### What you are asked to do
The copy must hold exactly the lines from the one with "Deflecto Sustainable Office Drawer Organizer" through the end of the listing below, and nothing else, with no pictures.

Recorded data Block Start

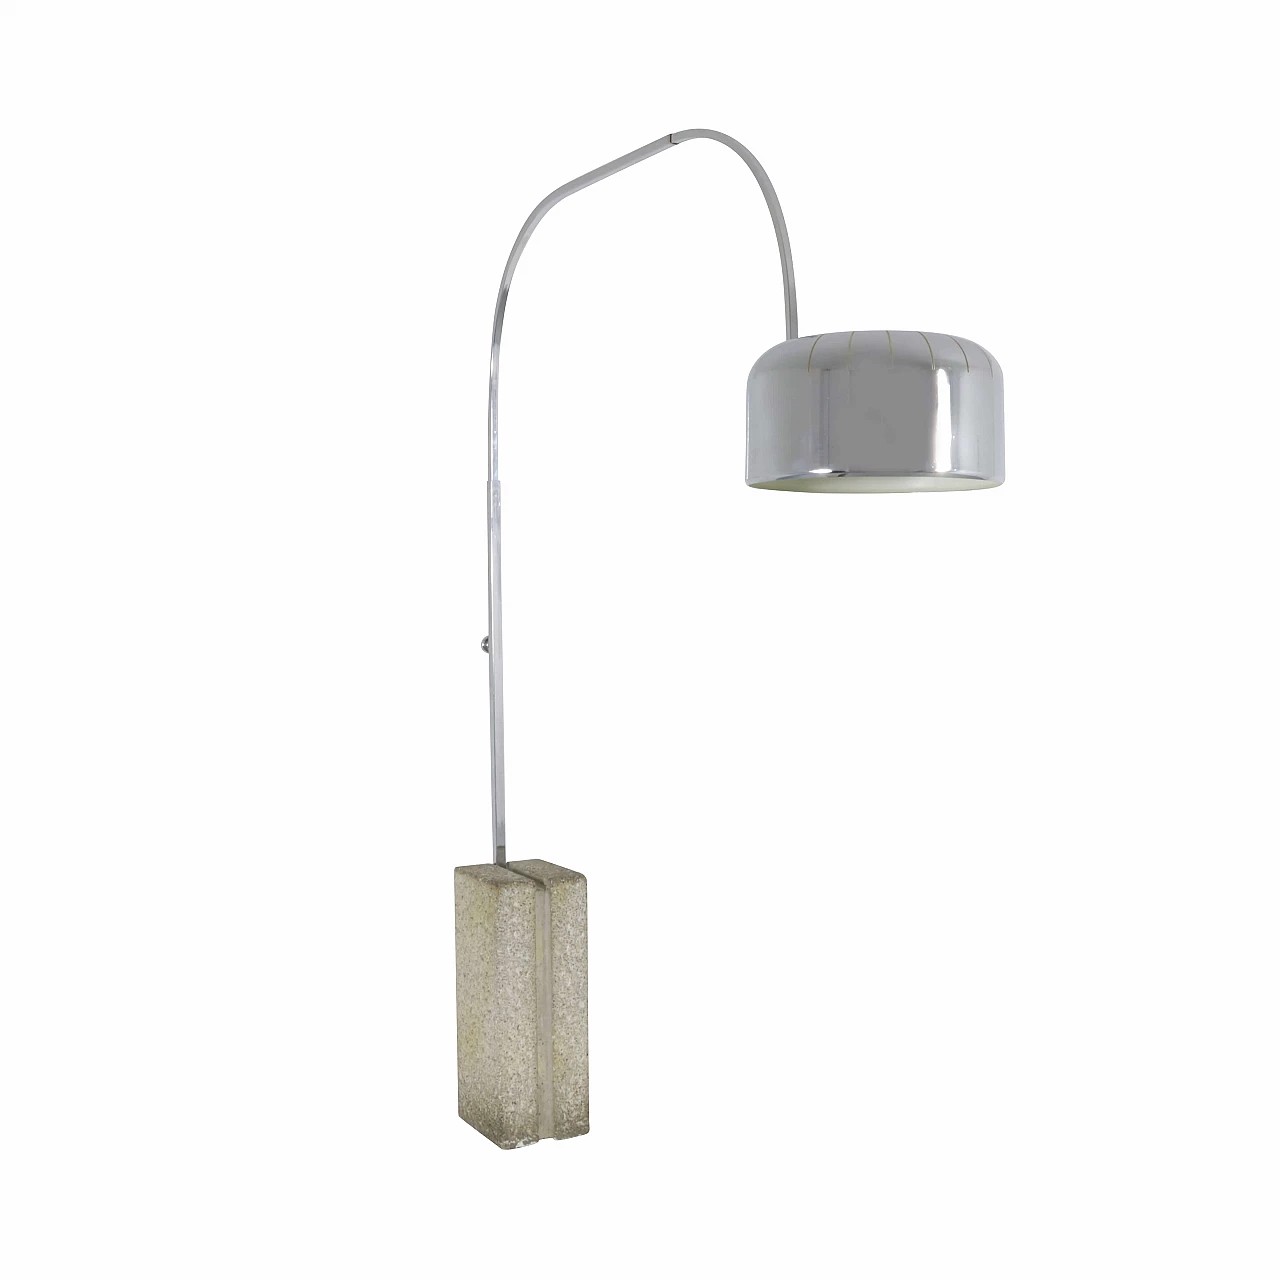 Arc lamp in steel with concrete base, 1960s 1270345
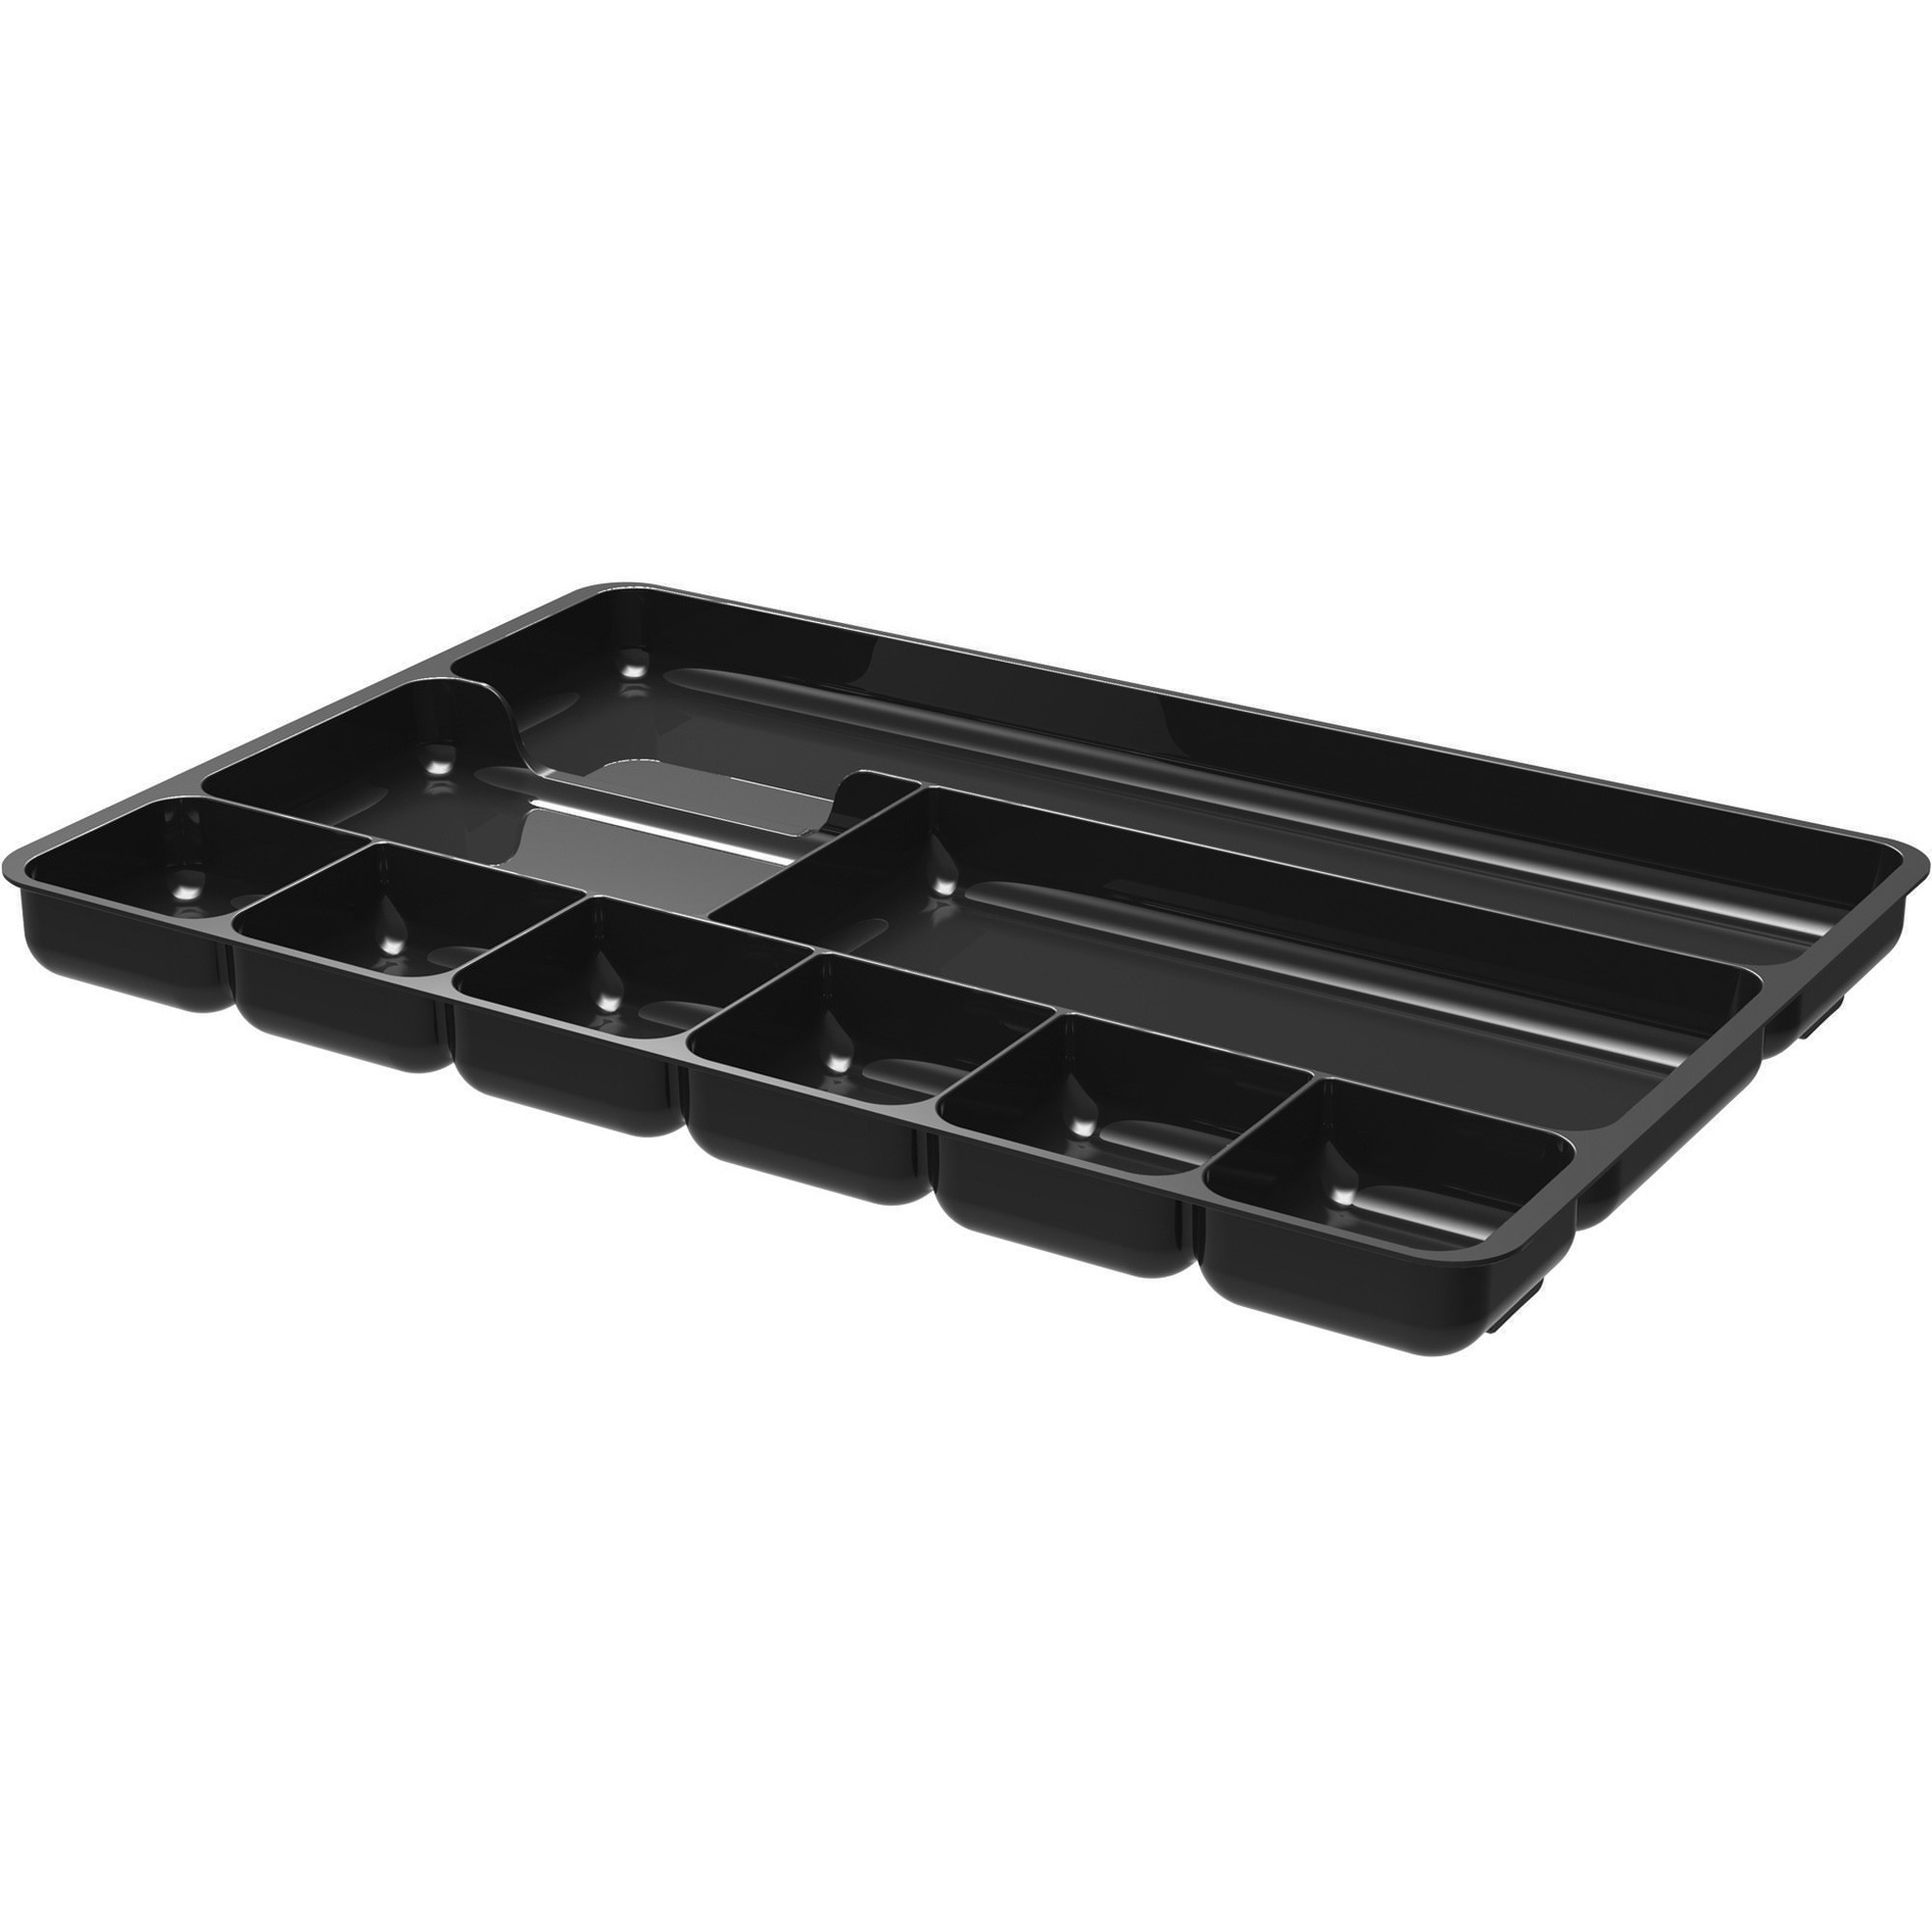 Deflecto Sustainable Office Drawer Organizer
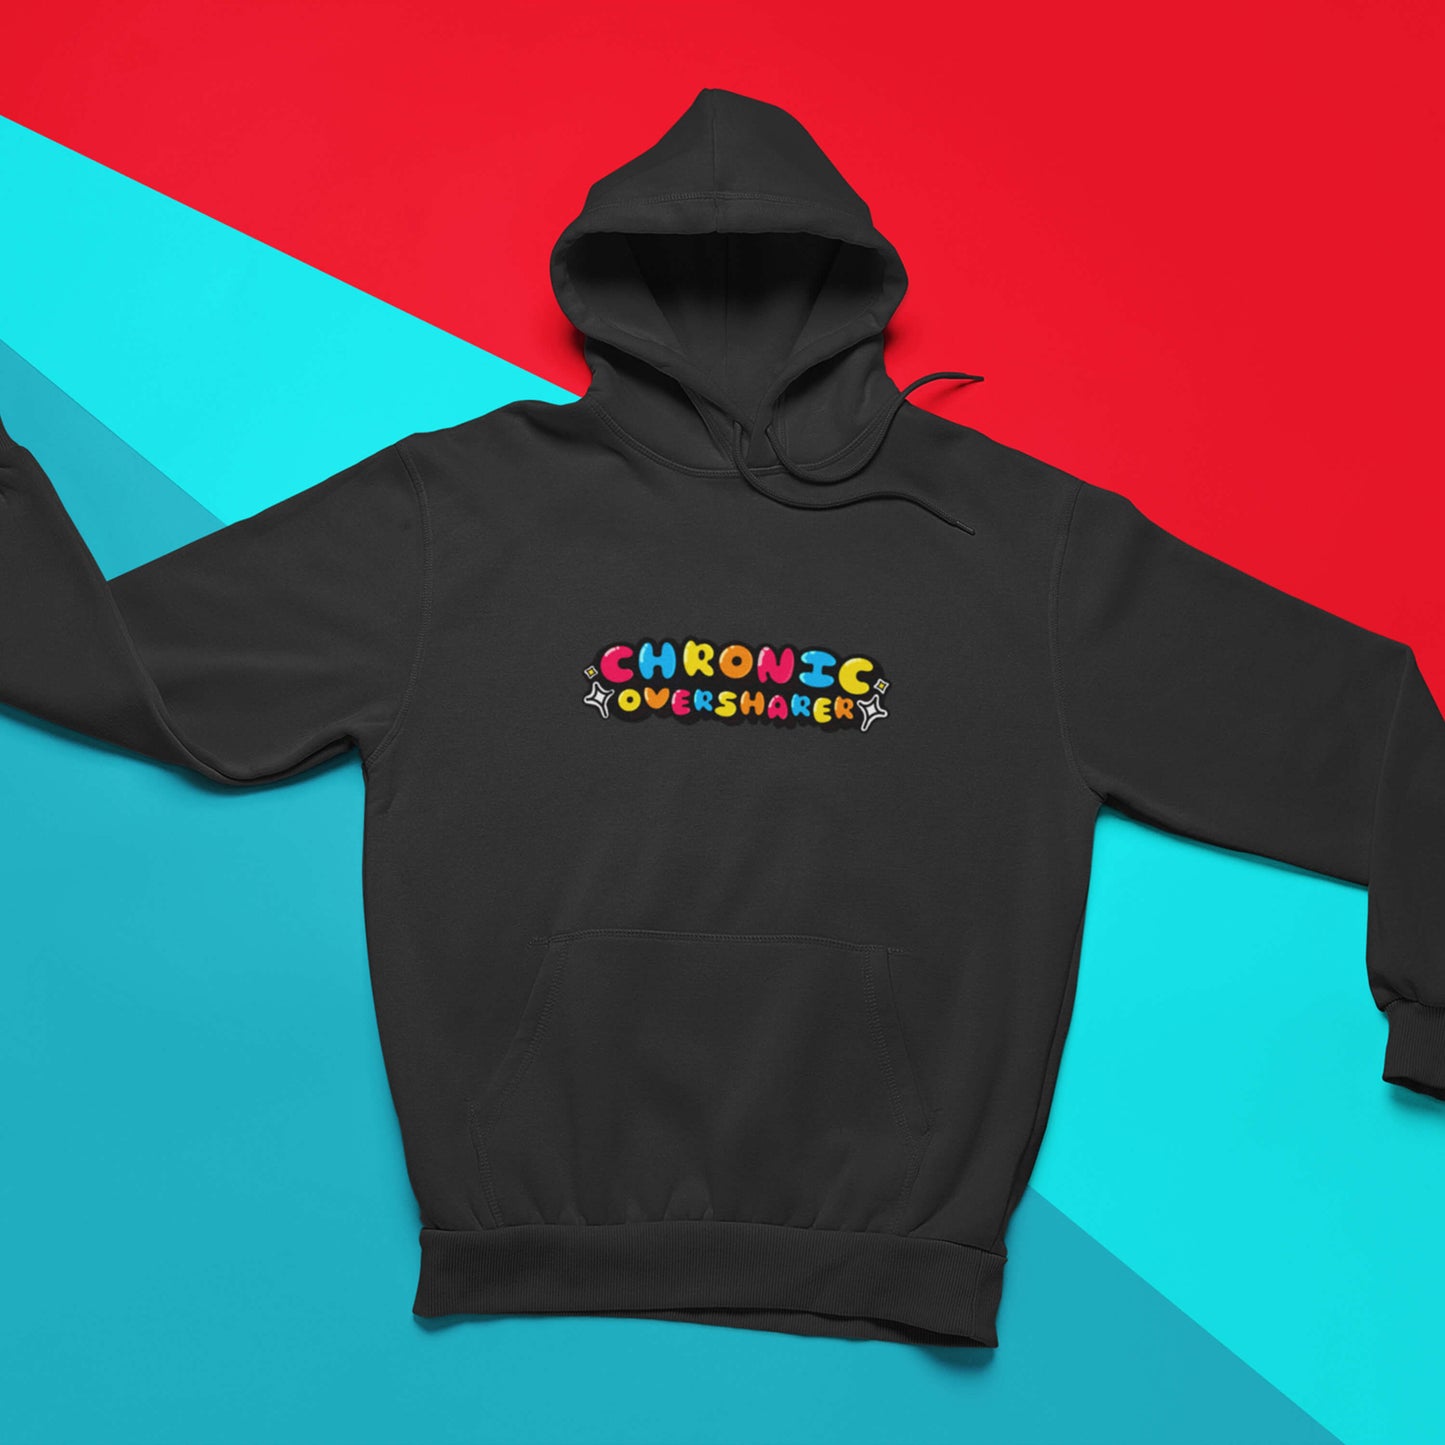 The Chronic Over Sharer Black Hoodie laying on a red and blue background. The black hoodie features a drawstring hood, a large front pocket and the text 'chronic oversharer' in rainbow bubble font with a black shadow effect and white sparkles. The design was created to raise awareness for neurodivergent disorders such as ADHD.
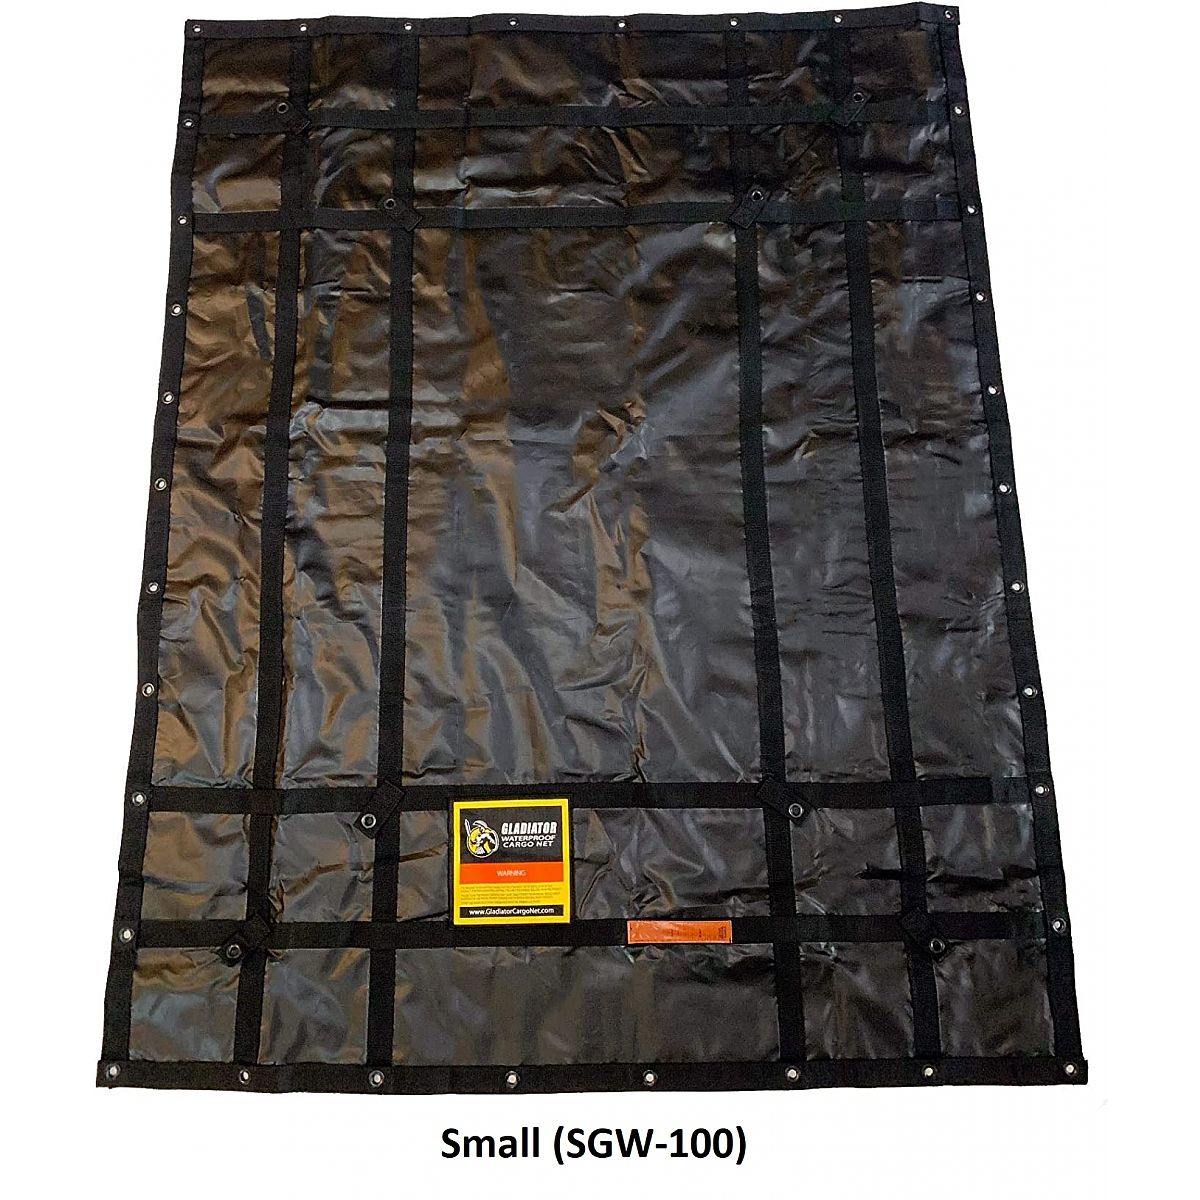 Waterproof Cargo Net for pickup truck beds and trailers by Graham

Recorded data Block End

### Task result
 Deflecto Sustainable Office Drawer Organizer
 The Chronic Over Sharer Black Hoodie laying on a red and blue background. The black hoodie features a drawstring hood, a large front pocket and the text 'chronic oversharer' in rainbow bubble font with a black shadow effect and white sparkles. The design was created to raise awareness for neurodivergent disorders such as ADHD.
 Waterproof Cargo Net for pickup truck beds and trailers by Graham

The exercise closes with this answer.